▶ [RECORDS FOR THIS EXERCISE]:
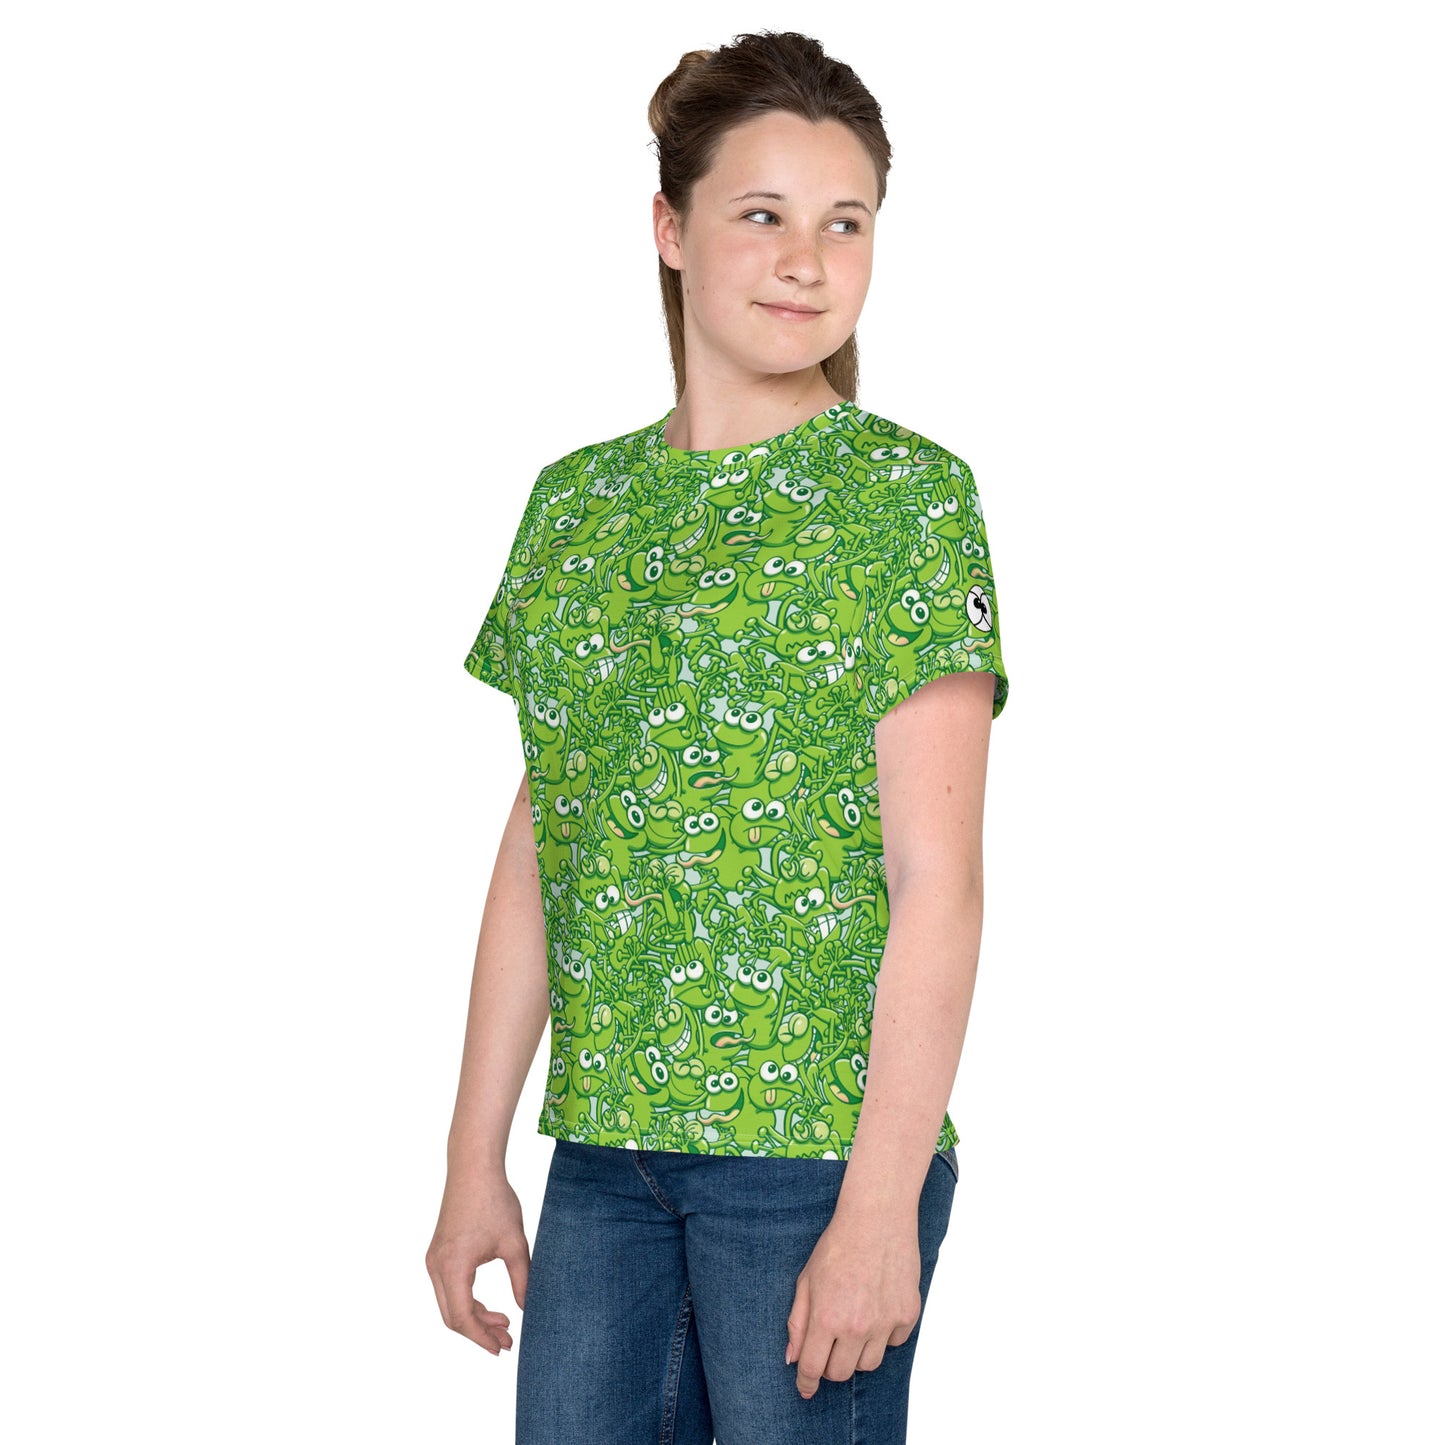 A tangled army of happy green frogs appears when the rain stops Youth crew neck t-shirt. Beautiful girl wearing All over print T-Shirt by Zoo&co
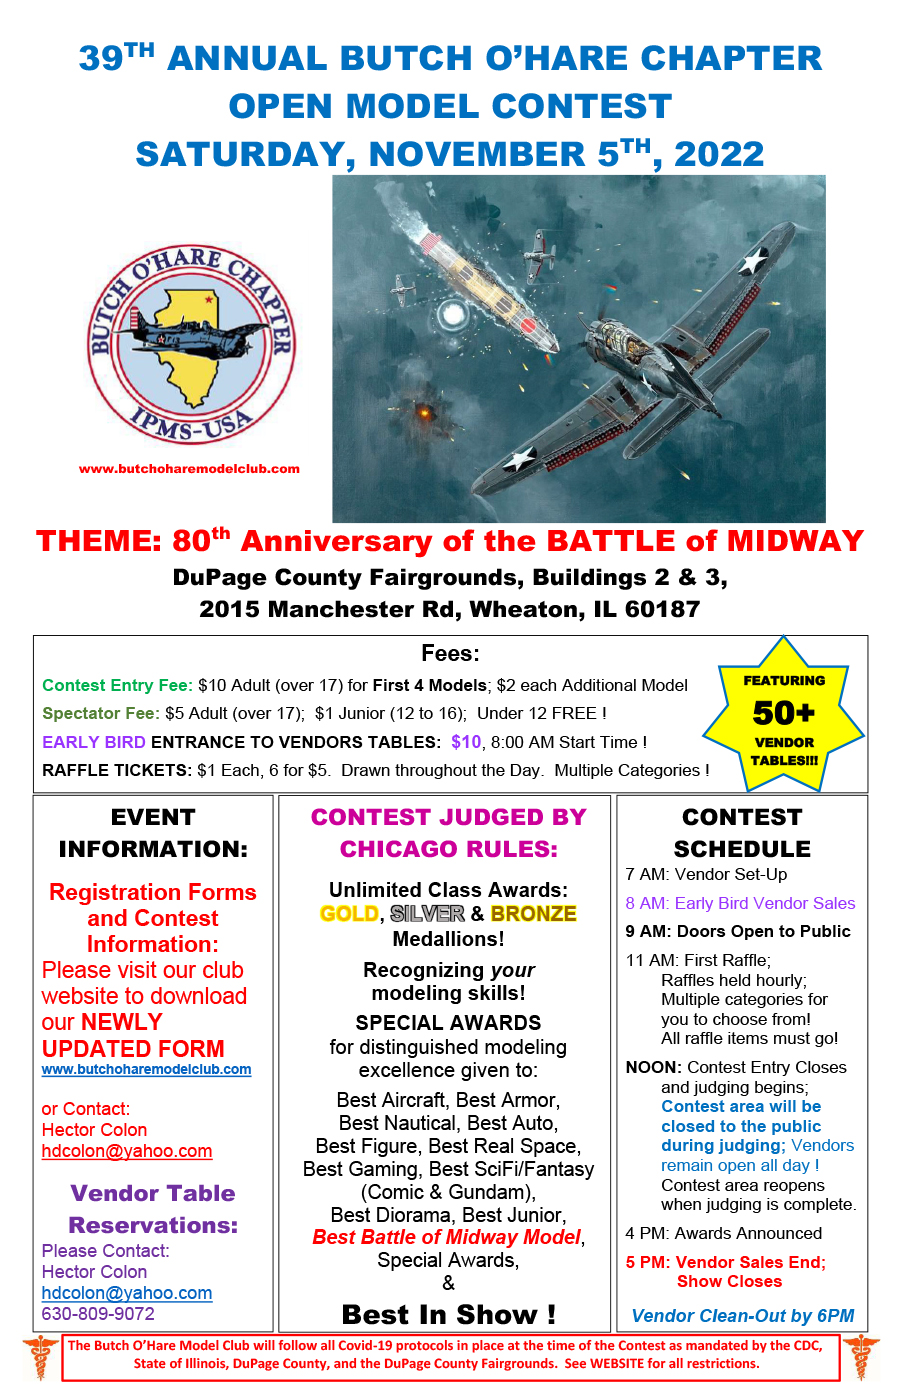 39th Annual Butch O’Hare Chapter Open Model Contest DuPage Event
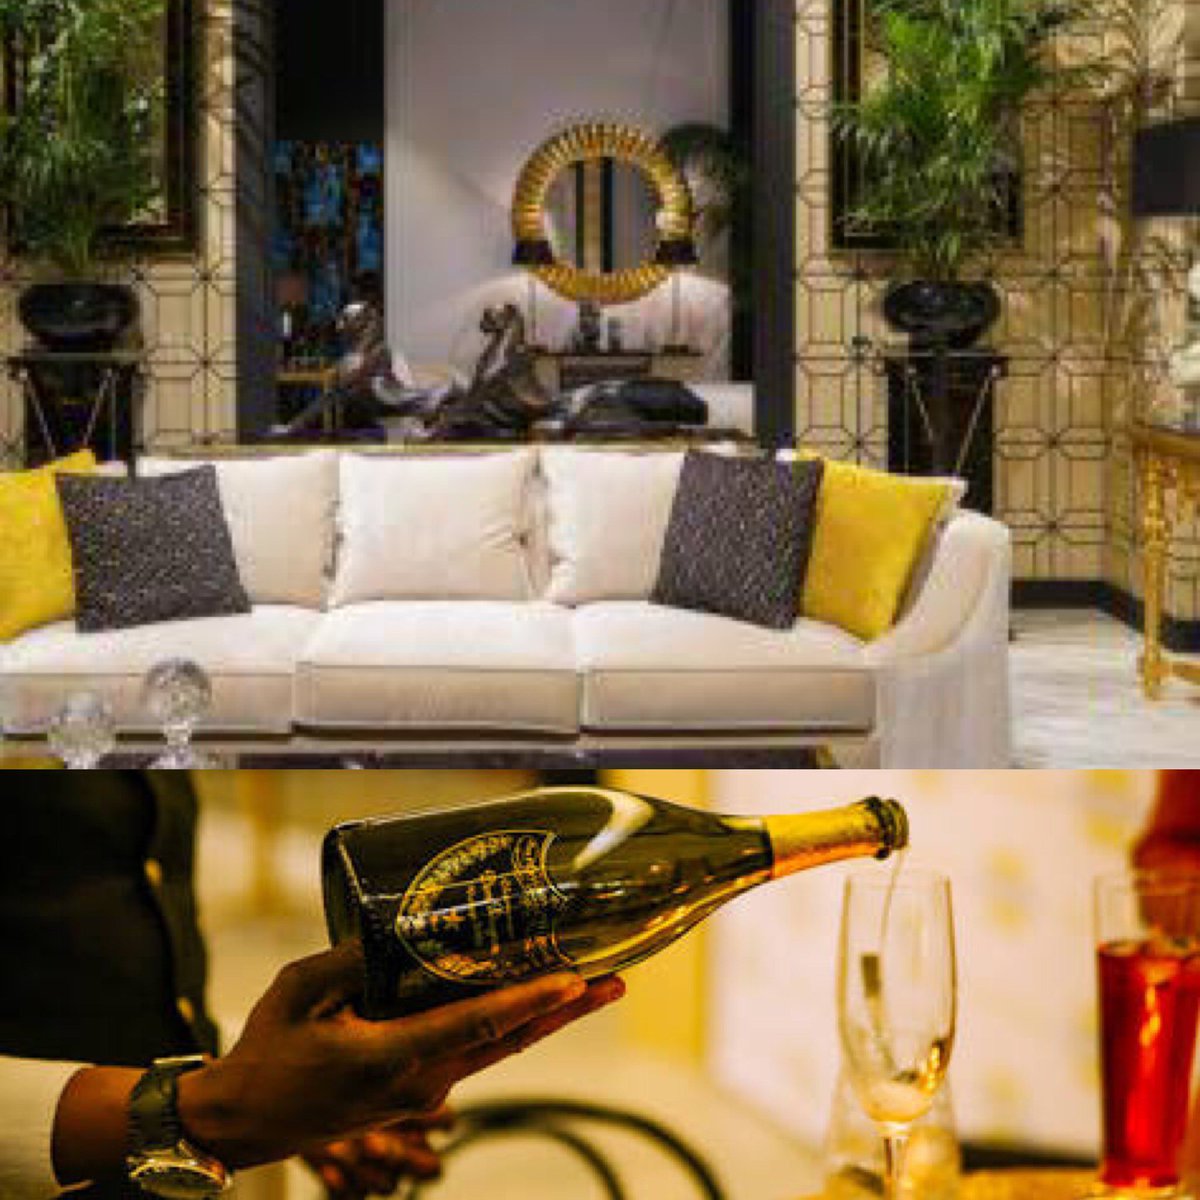 Definition of Opulence 

A display of: luxuriousness, sumptuousness, lavishness, richness, splendour, magnificence, grandeur, swankiness, poshness, classiness, 
wealth, affluence #timelessopulence @opulentexperience @barbiliscious

▶ [DIRECTIONS FOR THIS TASK]: Would you write each entry out again exactly, omitting the images?

▶ [OUTPUT FOR THIS EXERCISE]:
 A tangled army of happy green frogs appears when the rain stops Youth crew neck t-shirt. Beautiful girl wearing All over print T-Shirt by Zoo&co
 39th Annual Butch O’Hare Chapter Open Model Contest DuPage Event
 Definition of Opulence 

A display of: luxuriousness, sumptuousness, lavishness, richness, splendour, magnificence, grandeur, swankiness, poshness, classiness, 
wealth, affluence #timelessopulence @opulentexperience @barbiliscious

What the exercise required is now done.